Actually the way this is done is to develop a set of equations that calculate the values of the resistors and capacitors given constraints like input impedance, output impedance, power supply voltage, and maybe desired output voltage swing.
This is not too hard to do for a single stage transistor amplifier, but obviously a three transistor circuit with so many resistors (and caps) would require more effort to develop a set of equations that optimize the design.

I could show you a single stage result (and maybe the development of the equations) but not sure if i want to do a three stage design.
It could be easier though if all the stages are capacitor coupled.

Other than that, you would have to use some trial and error i think to get a reasonable design, and remember you probably have to think about matching the output impedance of one stage to the input impedance of the next stage to some degree.

Looks like a lot of fun though, really, i might play around with this too :)
 

Thread Starter

MostevilJoeJoe

Joined Mar 31, 2022
6
I suggest you check your oscilloscope connection and check the dc bias conditions at each transistor. Have you built this circuit?
I haven't breadboarded it yet. I checked the DC operating point and it was way lower than I though it was so I might try to mess around with that more.
 

Thread Starter

MostevilJoeJoe

Joined Mar 31, 2022
6
Hello there,

Actually the way this is done is to develop a set of equations that calculate the values of the resistors and capacitors given constraints like input impedance, output impedance, power supply voltage, and maybe desired output voltage swing.
This is not too hard to do for a single stage transistor amplifier, but obviously a three transistor circuit with so many resistors (and caps) would require more effort to develop a set of equations that optimize the design.

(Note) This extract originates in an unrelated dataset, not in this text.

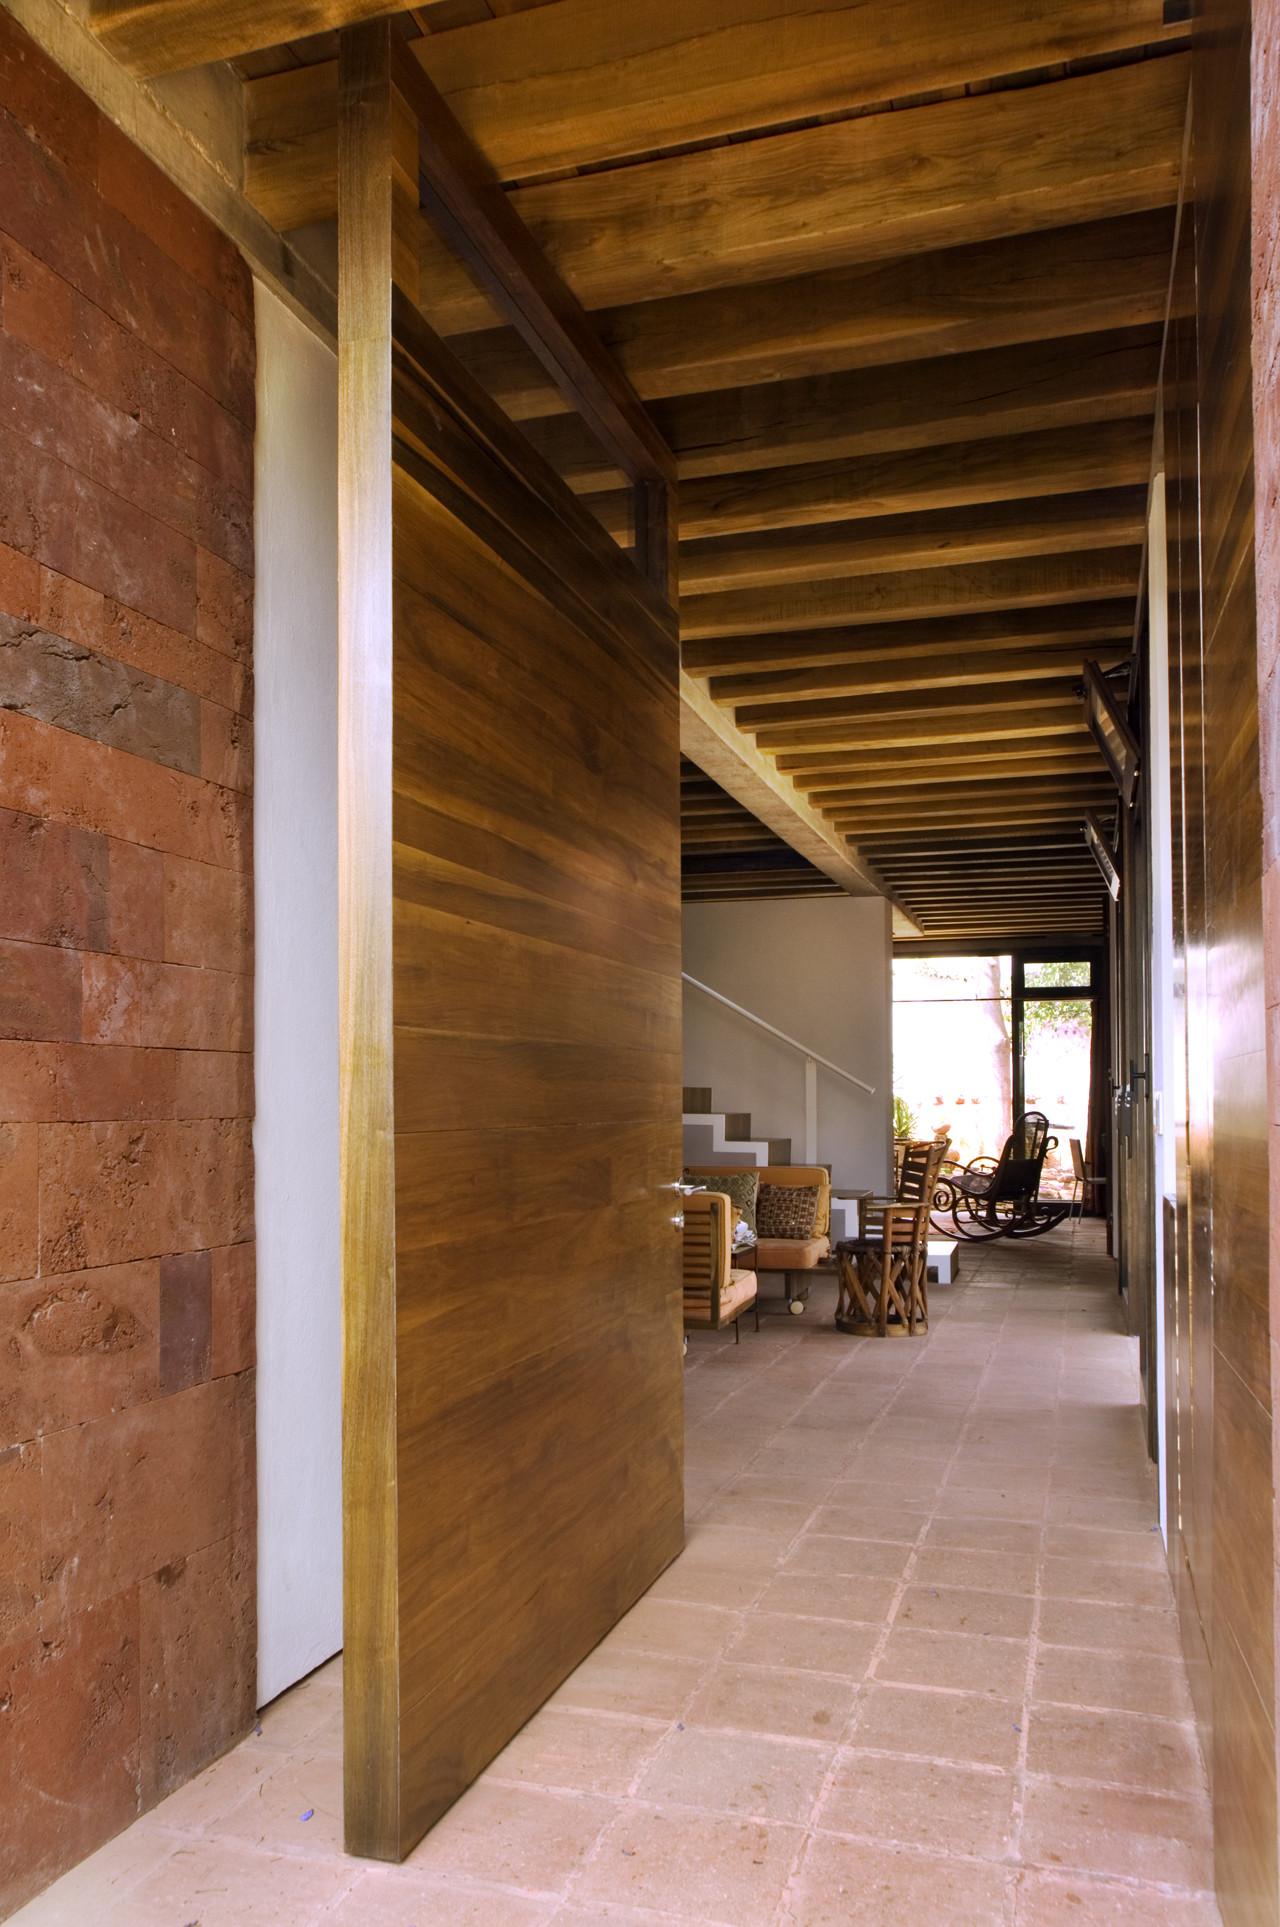 Galer a de casa estudio oaxaca taller de arquitectura for Casa estudio arquitectura

I could show you a single stage result (and maybe the development of the equations) but not sure if i want to do a three stage design.
It could be easier though if all the stages are capacitor coupled.

Other than that, you would have to use some trial and error i think to get a reasonable design, and remember you probably have to think about matching the output impedance of one stage to the input impedance of the next stage to some degree.

Looks like a lot of fun though, really, i might play around with this too :)
If you don't mind doing a single stage result I would really appreciate it! And are the stages not already capacitor coupled with the 20 uF caps? Or is that something else?
 

MrChips

Joined Oct 2, 2009
27,692
Interstage coupling capacitor makes up a high-pass filter. Calculate the roll off frequency by paying attention to the resistance of the load.
You need to pay attention to input and output impedances. Your base bias resistor values were chosen with no attention paid to the required base current.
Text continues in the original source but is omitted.